First of all quantum physics has revealed a marvellous world to us where widely separated particles are linked and display simultaneous actions when they are apparently out of touch with each other. A world where particles are labeled 'strange', 'up-quarks', 'down-quarks', 'easy bits' (the last are a postulation of my own for particles that may be moved easily this way and that, rather like moving the debris of a good meal in order to demonstrate the unique manner in which you adjusted that bargain 400-day clock with the plastic pieces). And where by 'weak measurement' you can tell exactly where something is and what size it is - without actually measuring it. This world and the equally strange one of pharmaceutical laboratory statistics may usefully be harnessed to our trade.

It is an old tag that a clock or watch that is not going is correct twice a day. Laughable but - there is more to it than that. Consider; how accurately does a customer need to know the time in normal conditions? Would plus or minus 15 minutes be fair? This gives us a 'utility window' of 30 minutes in 12 hours - regularly (and it is clear that regularity is a prime necessity in horology).

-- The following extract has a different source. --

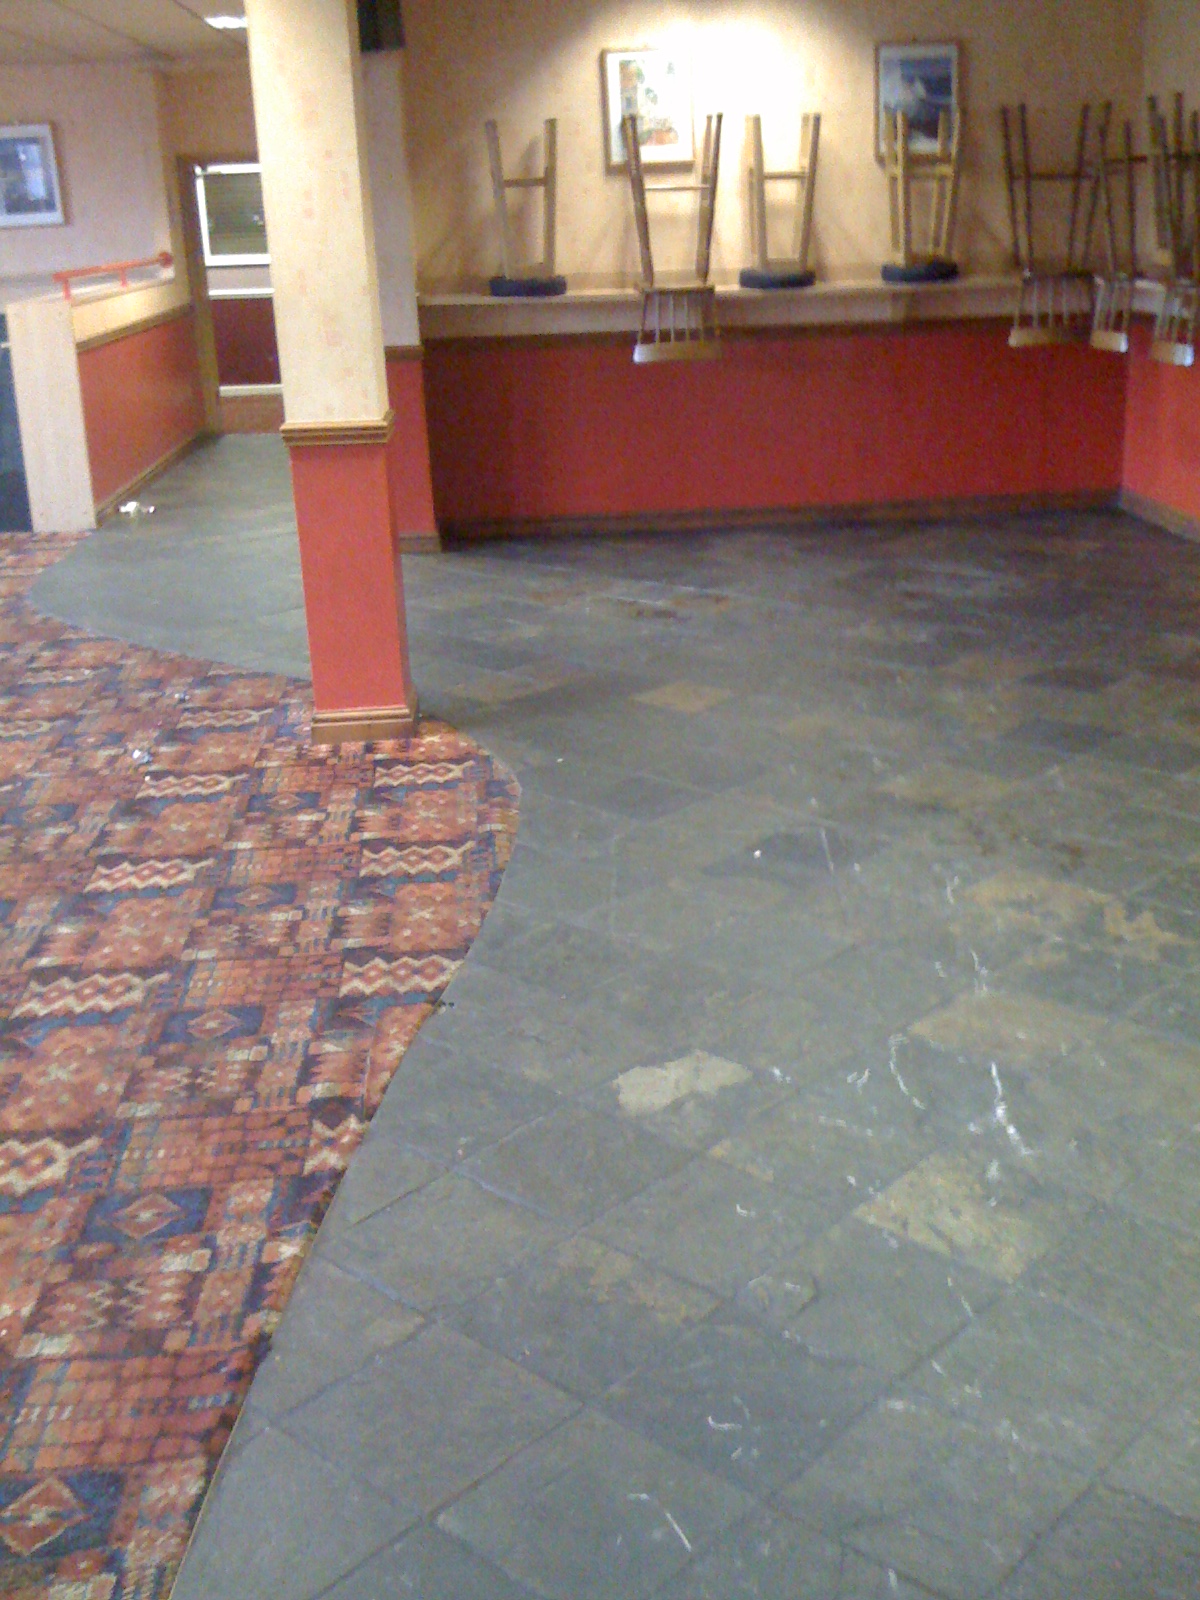 Slate Floor in a workings mens club in desperate need of a clean and seal

However let us apply the statistics of the pharmaceutical laboratory (I said I would, you'll remember). The average person only needs to know the time at widely spaced intervals and under special circumstances, after a good lunch it is totally unnecessary for at least three hours unless there is an appointment to keep - and appointments have their own special world of time and space (we might discuss this another time). We have immediately eliminated 25percent of the 12 hours as being quite unnecessary. Suppose that we have four or five times of the day when our physical presence is deemed important to, let us say, an accountant, bank manager, one's spouse. Take four as a definitive quantity. Directly we have arrived it ceases to be important what the time is for at least another hour - you might double that for one's spouse. Here we have another five hours when we really have no need to know the time - a running total of eight hours. Do you take a nap in the afternoon - when talking to representatives for instance? The total is now nine hours and we are ignoring those times when we know the time instinctively and with complete accuracy - the coffee breaks. Add two more hours.

Our utility window of 30 minutes only needs to be applied for about one hour in 12 (I won't pretend to absolute accuracy in these calculations). On those occasions when we need to know the time to our specified tolerance we have a 50 per cent probability of being correct.

Now, consider the cold cure, no-one would dream of taking it for a bunion, or a broken finger - in fact for ninety nine per cent of the occasions on which you could take it, it would clearly not be appropriate and so the laboratories are perfectly justified in taking test results that originally showed one per cent effectiveness and applying them to the known needs of the customers. One per cent effective, ninety nine per cent of the time totally unnecessary - in fact inappropriate - produces the desirable justification for claiming one per cent in one percent (remainder only, I don't deal in higher mathematics) or almost 100 per cent relief. Why choke on the 'almost'? Advertising can make excellent use of '99% effective!'

Horology could leap ahead in the field of customer satisfaction if this matter were explained properly, possibly a leaflet on the counter would help?